Hi all,
Following up on a discussion on yesterday's Tools Call --
On 4/14/25 2:40 AM, Colin Perkins wrote:
(belatedly, inline)
On 20 Mar 2025, at 6:27, Carsten Bormann wrote:
On 20. Mar 2025, at 07:11, Robert Sparks [email protected]
<mailto:[email protected]> wrote:
On 3/20/25 11:09 AM, Carsten Bormann wrote:
On 20. Mar 2025, at 04:45, Jean Mahoney [email protected]
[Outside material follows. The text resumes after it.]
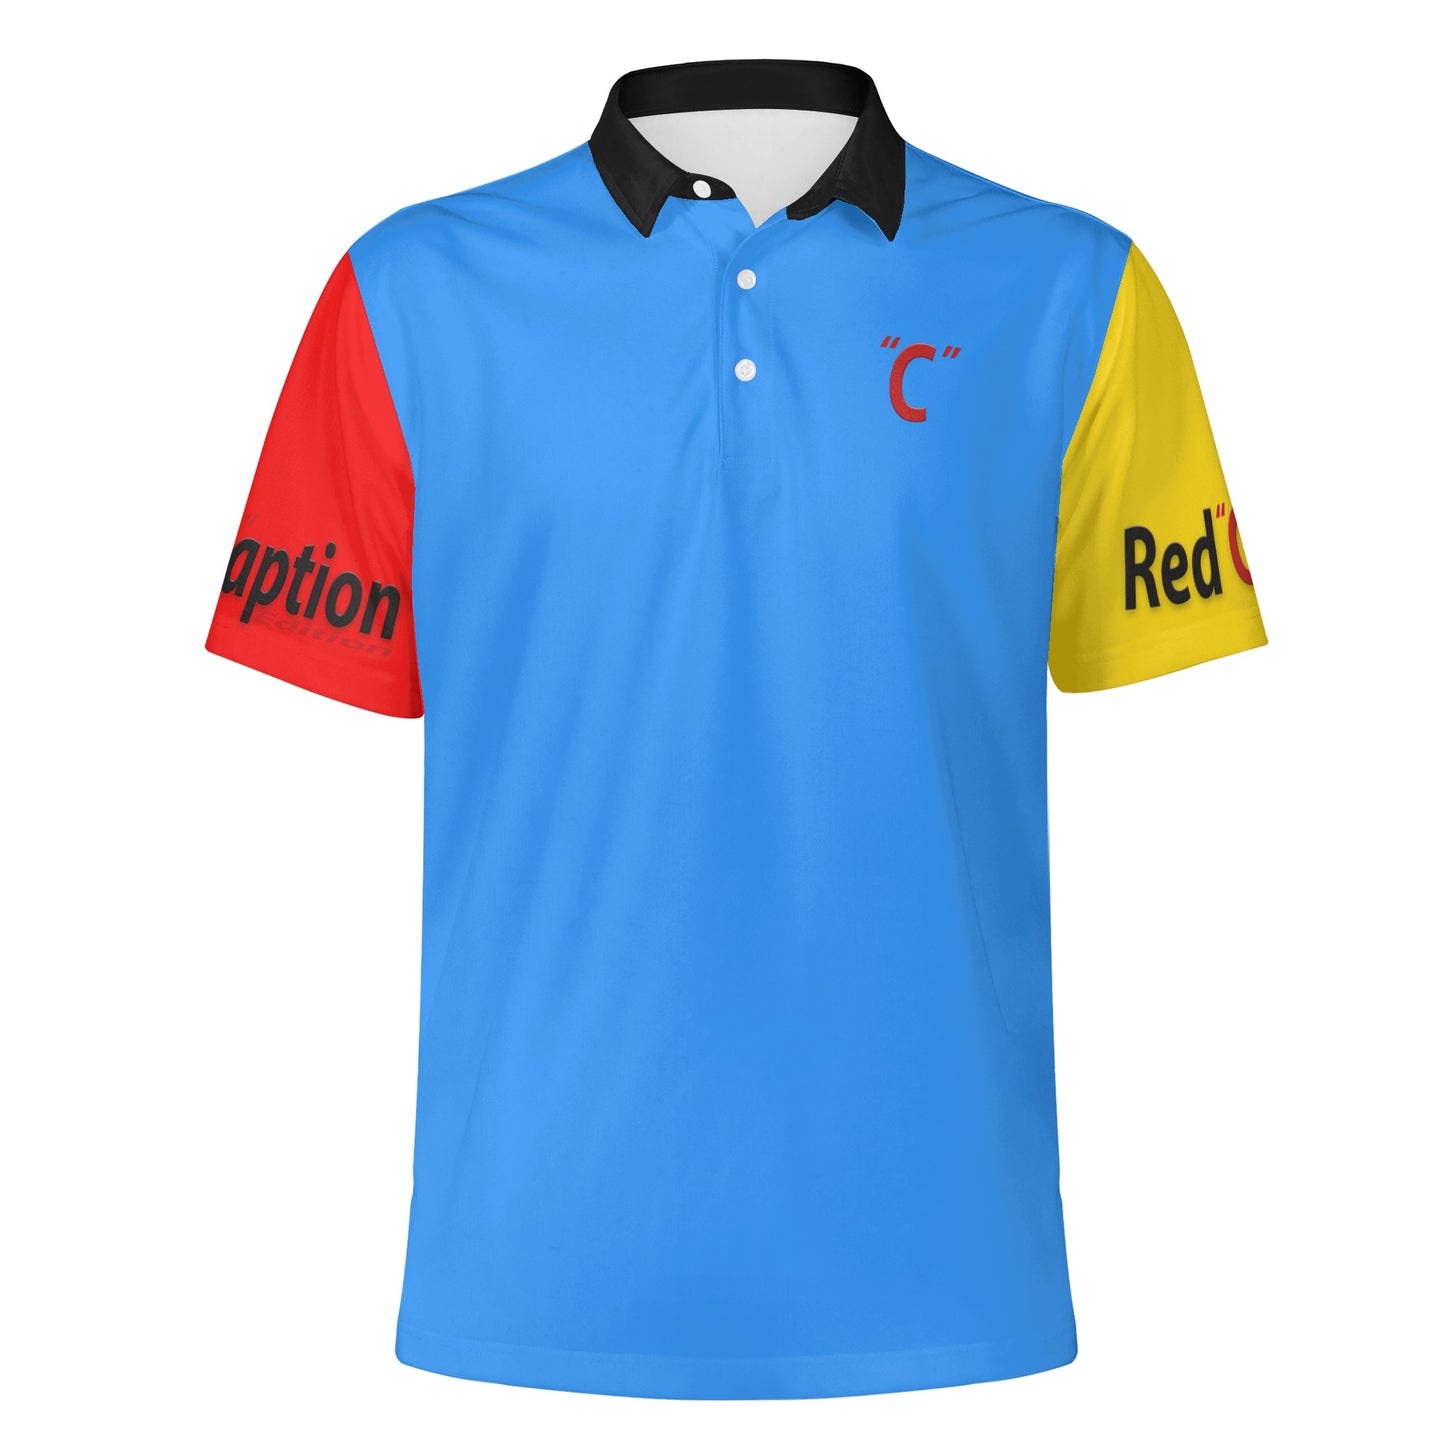 Red Caption Polo 1
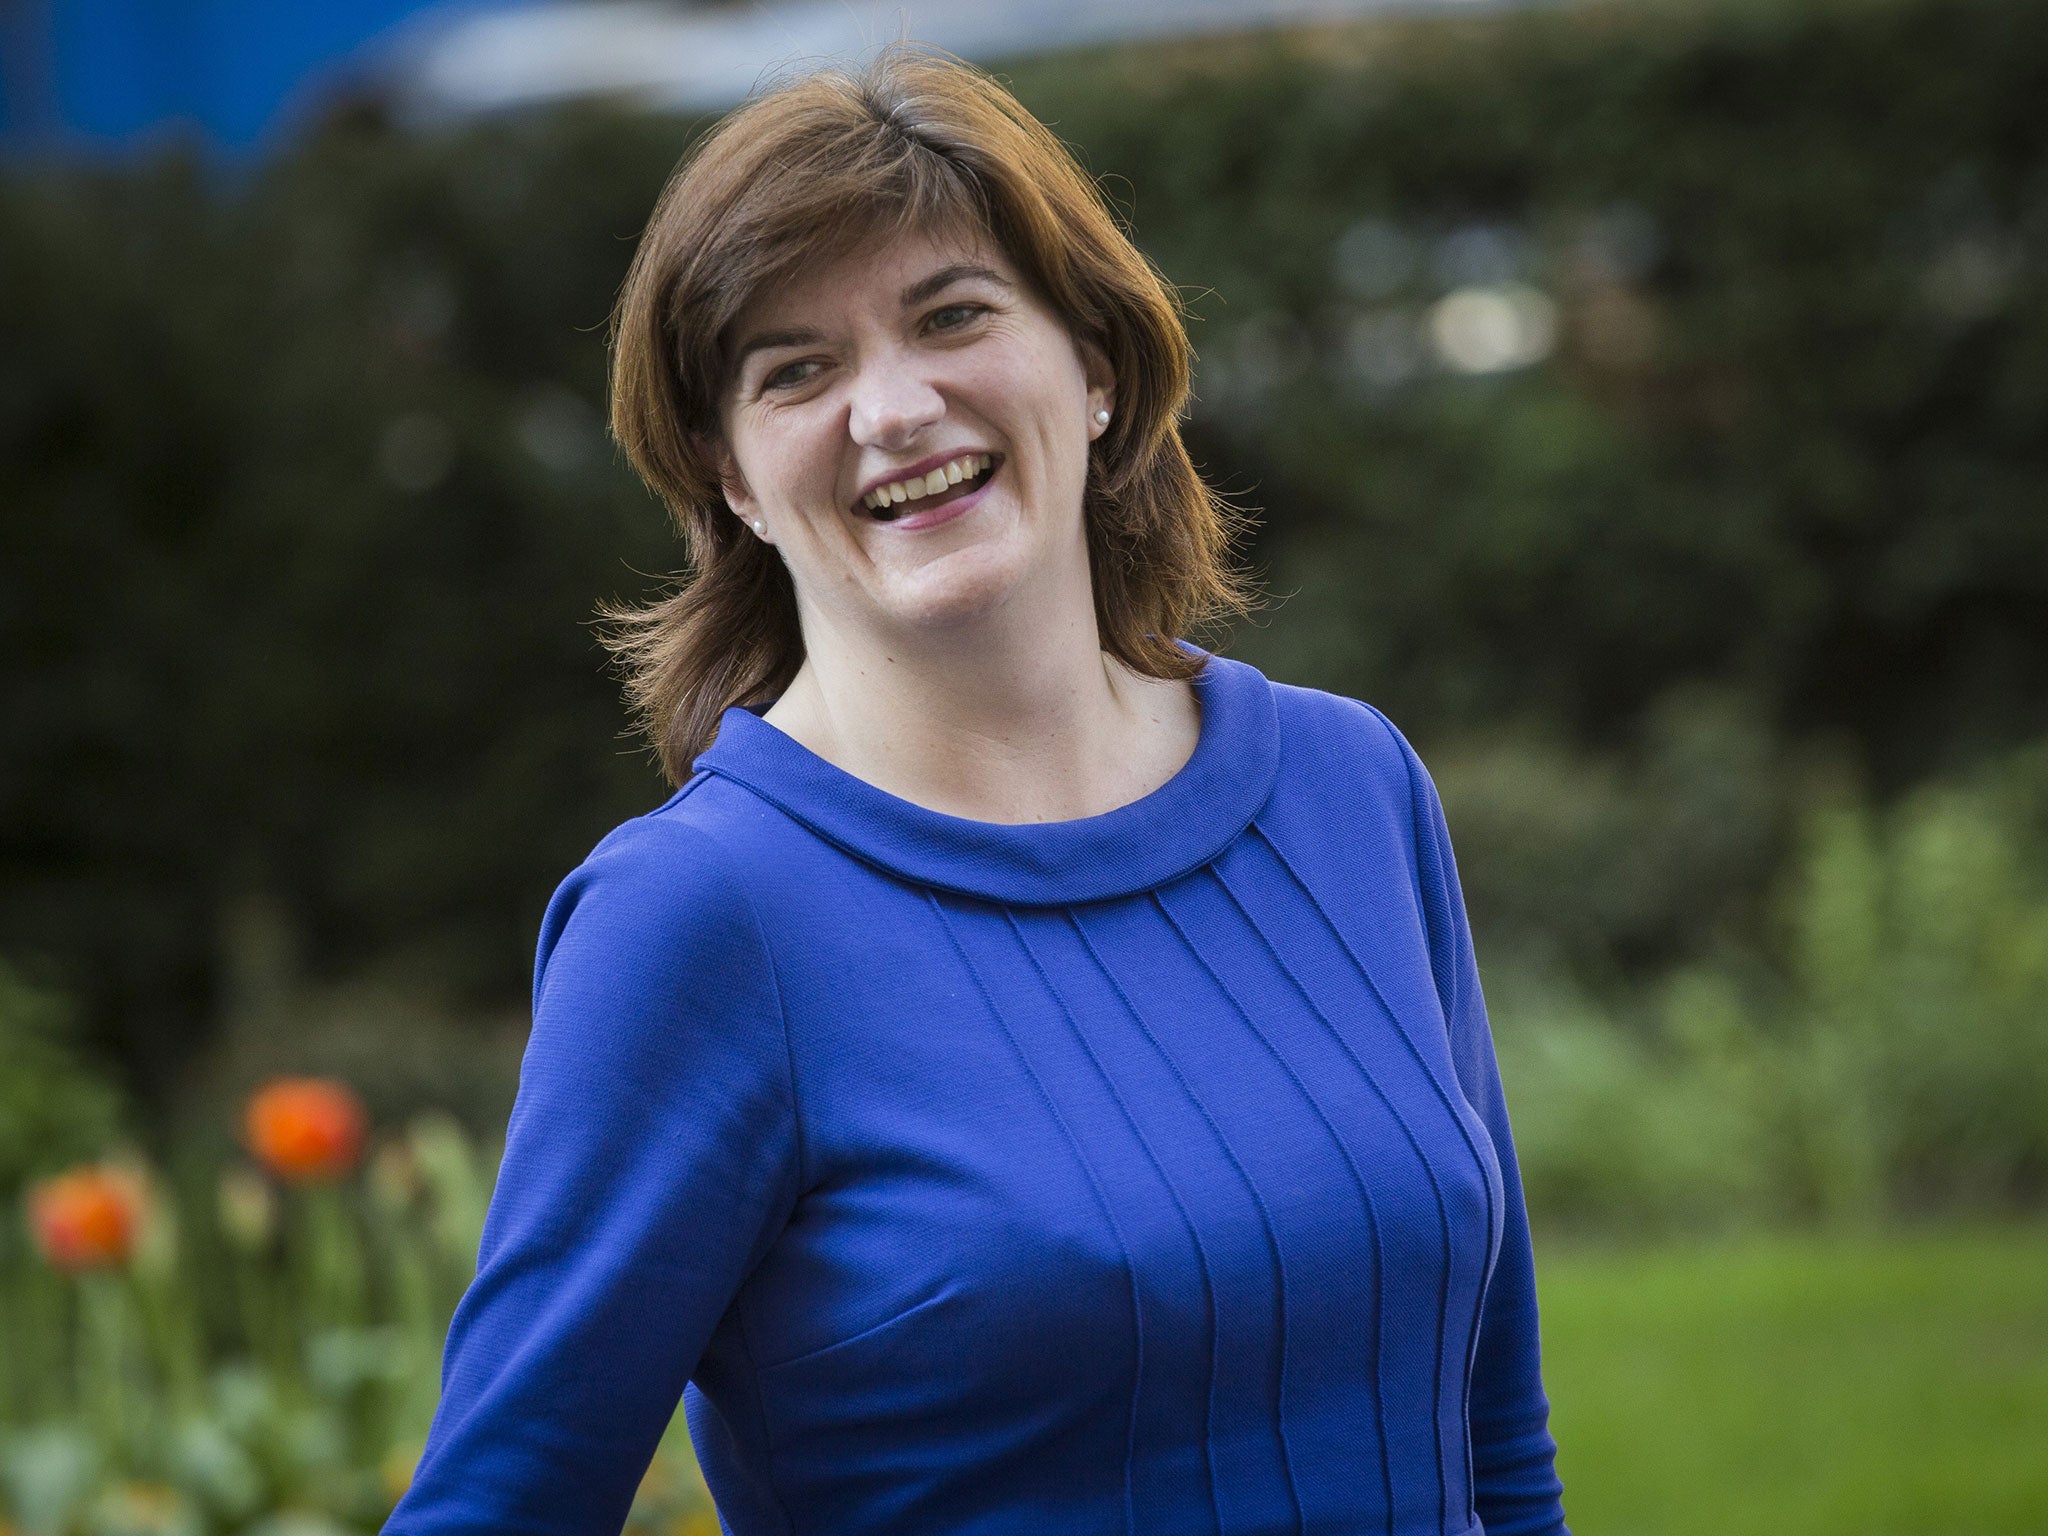 The Prime Minister’s announcement that Nicky Morgan has been promoted to the role of Education Secretary has been met with mixed reactions after it emerged she voted against legalising same-sex marriage.

editor.org <mailto:[email protected]> wrote:
[JM] TEXT is used for RFCs created in the RFCXML v3 era.
ASCII is for older RFCs. The TEXT label indicates the
file can contain non-ASCII characters [2].
There are a dozen or so pre-v3 RFCs that are beyond-ASCII.
(And actually a couple that aren’t even UTF-8!)
Pointers to the non-UTF8 encoded RFCs please?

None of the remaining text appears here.